While the message is clear (“The Future is what we make of it.”), the novel is not preachy. The starship project is epic, but Mr. Steele makes it about the people involved and their personal dramas and tribulations. The feel of the novel is reminiscent of early Clarke, with its epic scale and sense of destiny. A great read.
While in a convoy in Afghanistan, ten soldiers are suddenly transported back in time around 15000 years to the Paleolithic Era. All they have is two vehicles, their weapons and gear. They must survive, ensure their own security and plan for the future. Meanwhile, other groups have been transported back in time, including a tribe from the Neolithic Era and a contingent of Roman soldiers.
As with most books by Michael Z. Williamson, this one is rather longer than other entries in the genre, almost reaching 700 pages. Much of this length is taken up by detailed descriptions of technological things, for example the construction of a forge or a palisade. For anyone interested in technology, it is a fun read. Williamson’s premise of a very small modern unit being stuck with a lack of resources in a hostile environment ensures our heroes cannot just brute force things with more manpower. They must use their skills as force multipliers. It is also interesting that even with all their modern technology, they are often at a disadvantage compared to more primitive peoples when it comes to hunting, forging and primitive construction. These skills are simply lost.
Style-wise, the prose flows easily, and I found this to be a page-turner. However, the shifting strict point of view between characters could be confusing, and it often took me half a page or so before I realized whose eyes I was “seeing” through. A more explicit introduction to each point of view change, ideally with the character’s name as a title, would have made things more clear.
While the story does have a definite conclusion, there are many loose ends. This seems to be the first of a series, and a look forward to any future installments.
The year is 2035, and the first manned mission to Mars is getting underway.
During the long transit, disaster strikes and our heroes must find a way to survive.

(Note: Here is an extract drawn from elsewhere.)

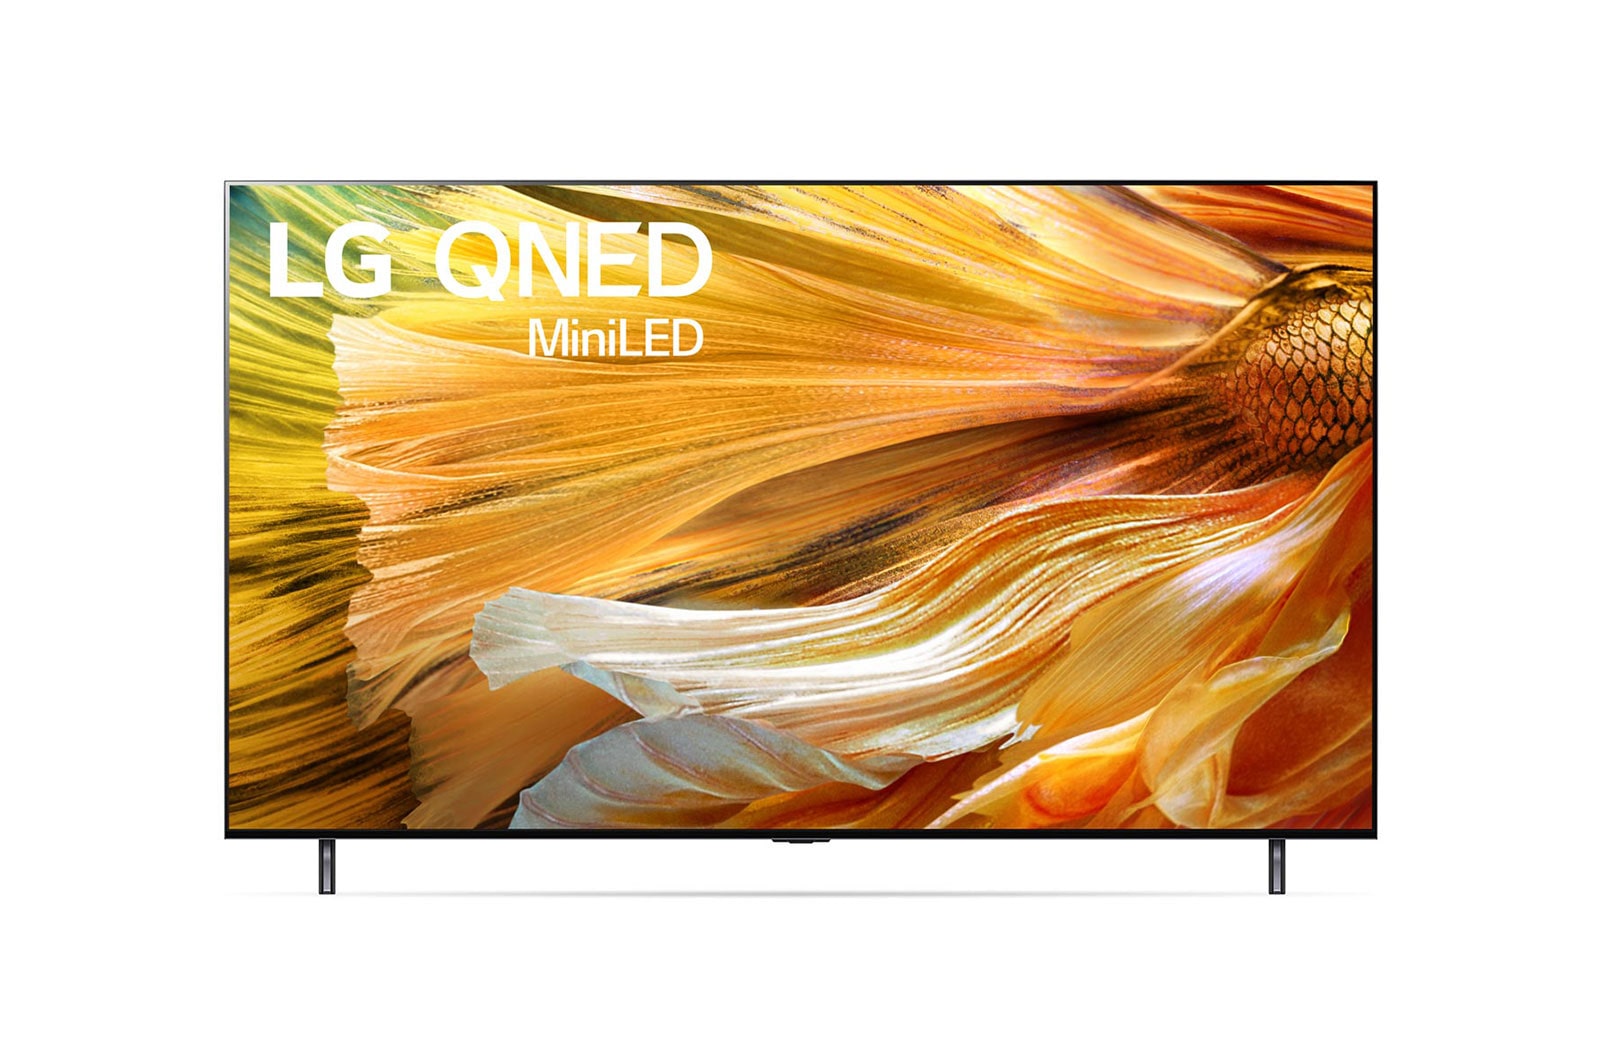 LG Televisor QNED Mini LED 75" 4K - Procesador Alpha 7 Gen 4 - Cinema HDR, Sonido Dolby Atmos - Inteligencia Artificial, 75QNED90SPA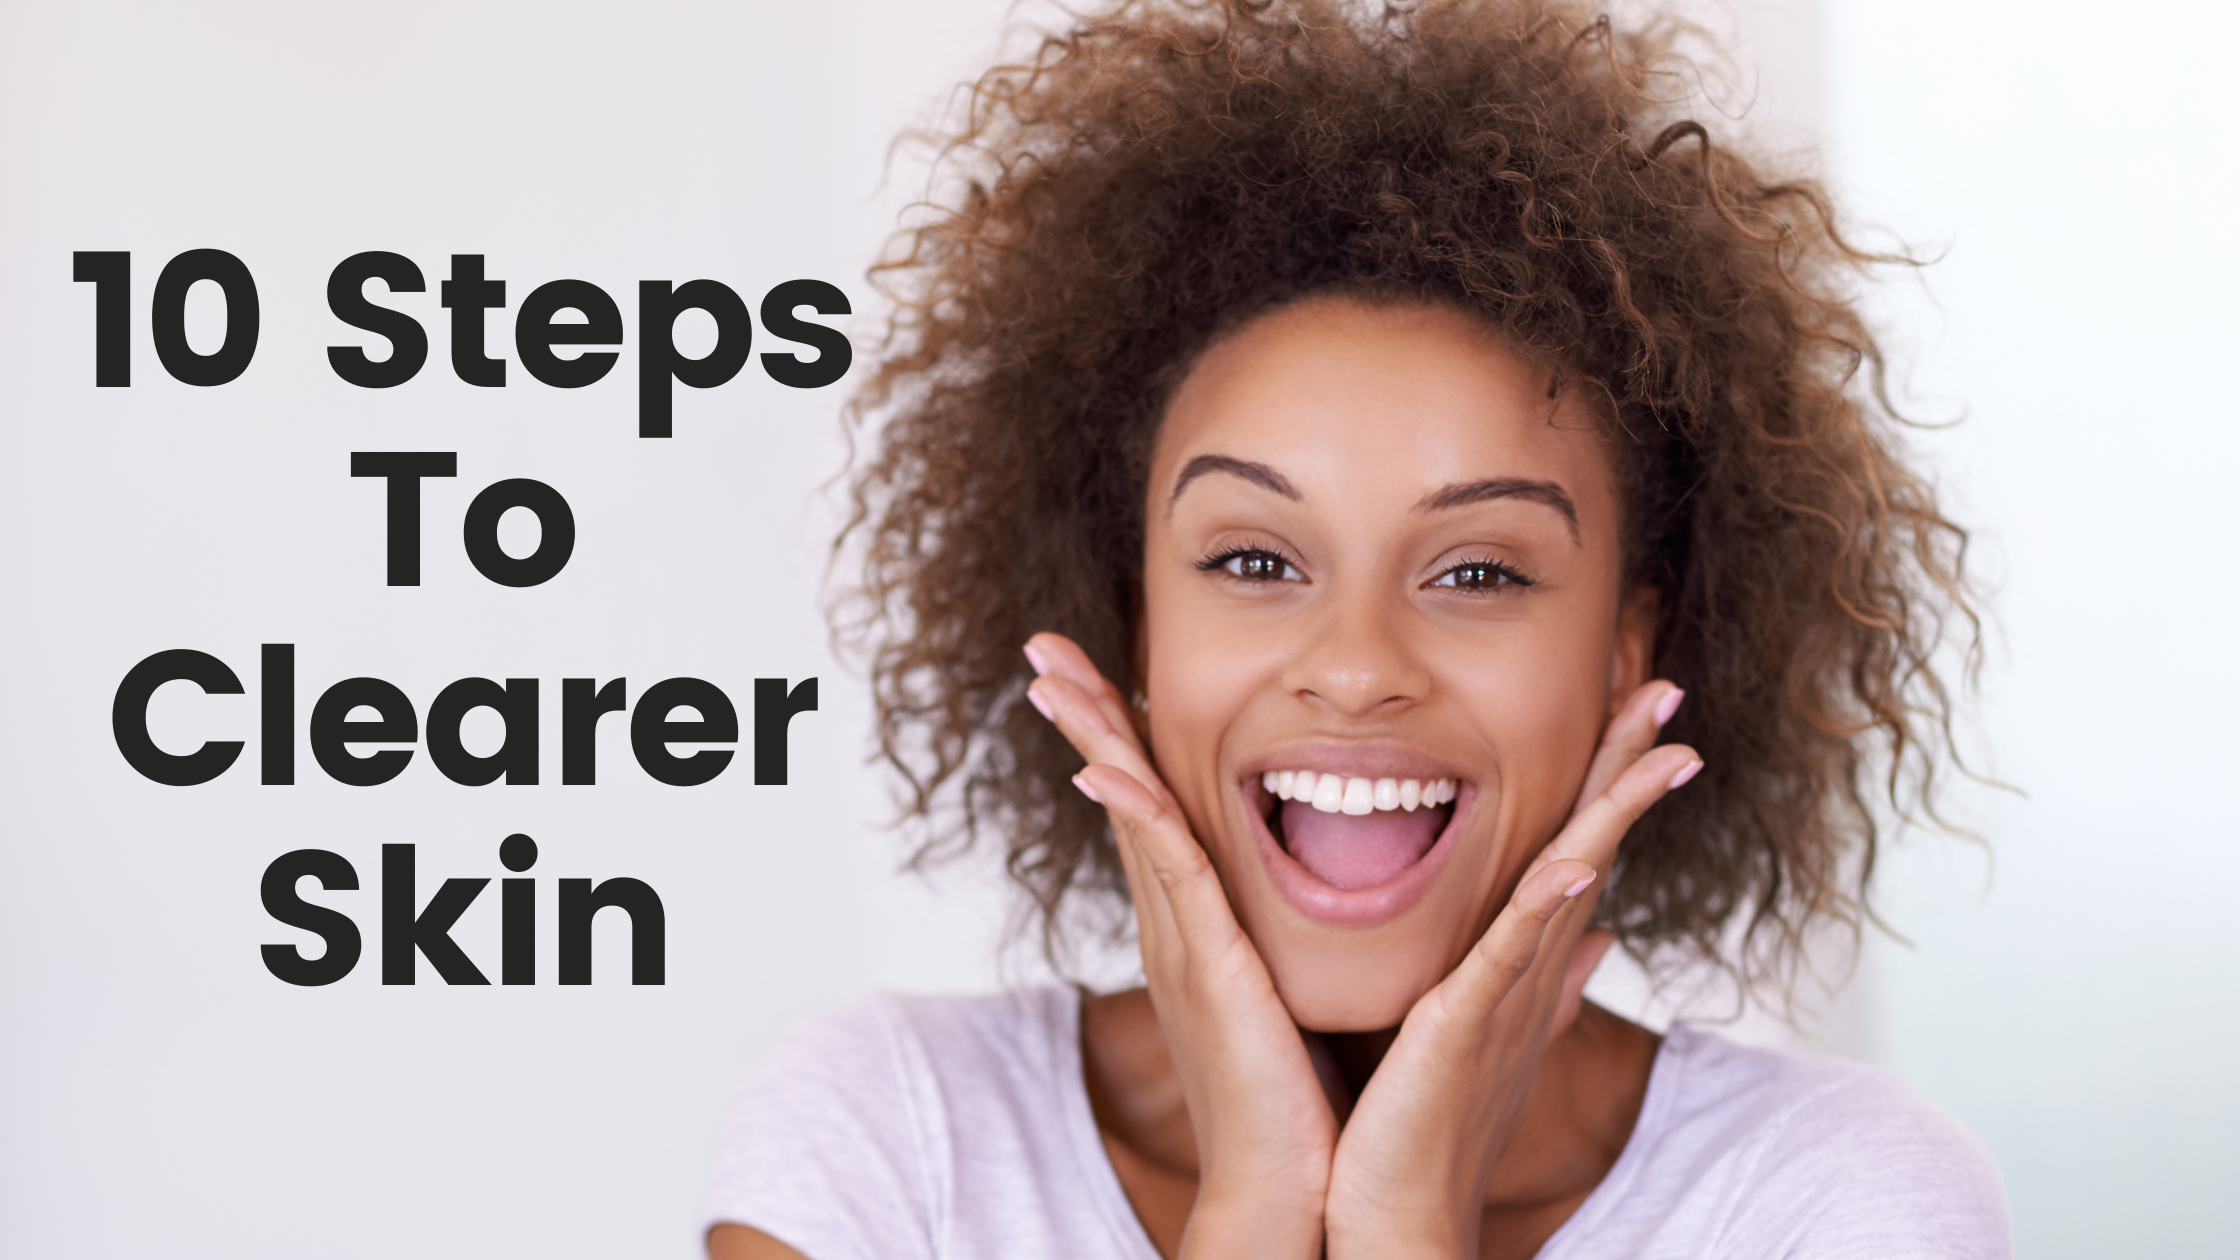 10 Steps To Clearer Skin

While the story itself is engaging in an adventure novel kind of way, the prose is not. Much of the dialogue feels written to explain things to the reader. It makes the characters look clueless about the systems and concepts they should be experts on. It is also rather corny most of the time.
The social sensibilities are very old fashioned. Males taking the lead and feeling protective about women even if those women are highly trained astronauts. The technology doesn’t feel very futuristic either. In a nutshell, the book is set in 2035, but feels like 2015, or maybe 1965.
In the final days of a devastating war, the conscript soldier Scur is captured and tortured for sport by a war criminal. She is left for dead but manages to survive. She is on her way home, in hibernation on a starship, but on awakening discovers that the ship is malfunctioning and in orbit around an unknown planet. It turns out that thousands of years have passed and human civilization has fallen. On the ship, factions of “dregs”, criminals and misfits from the war, must now make peace.
A dark, melancholy tone pervades this novelette. It is soon clear that Scur is writing down for posterity her memoirs of the difficult time that defined her life. While hope remains, indeed must prevail, she knows that she will not see the dreams of her band come to fruition in her lifetime. More interesting is the fact that those who remain are the outcasts and misfits; those that the rest of civilization wanted out of sight. As so often with Mr. Reynolds, the vastness and frightening nature of the Universe makes the reader feel small and frightened. By gradually unfolding the story through the memory of Scur, the scary truth is only slowly revealed, but the fact that it is a scary truth is always hinted at.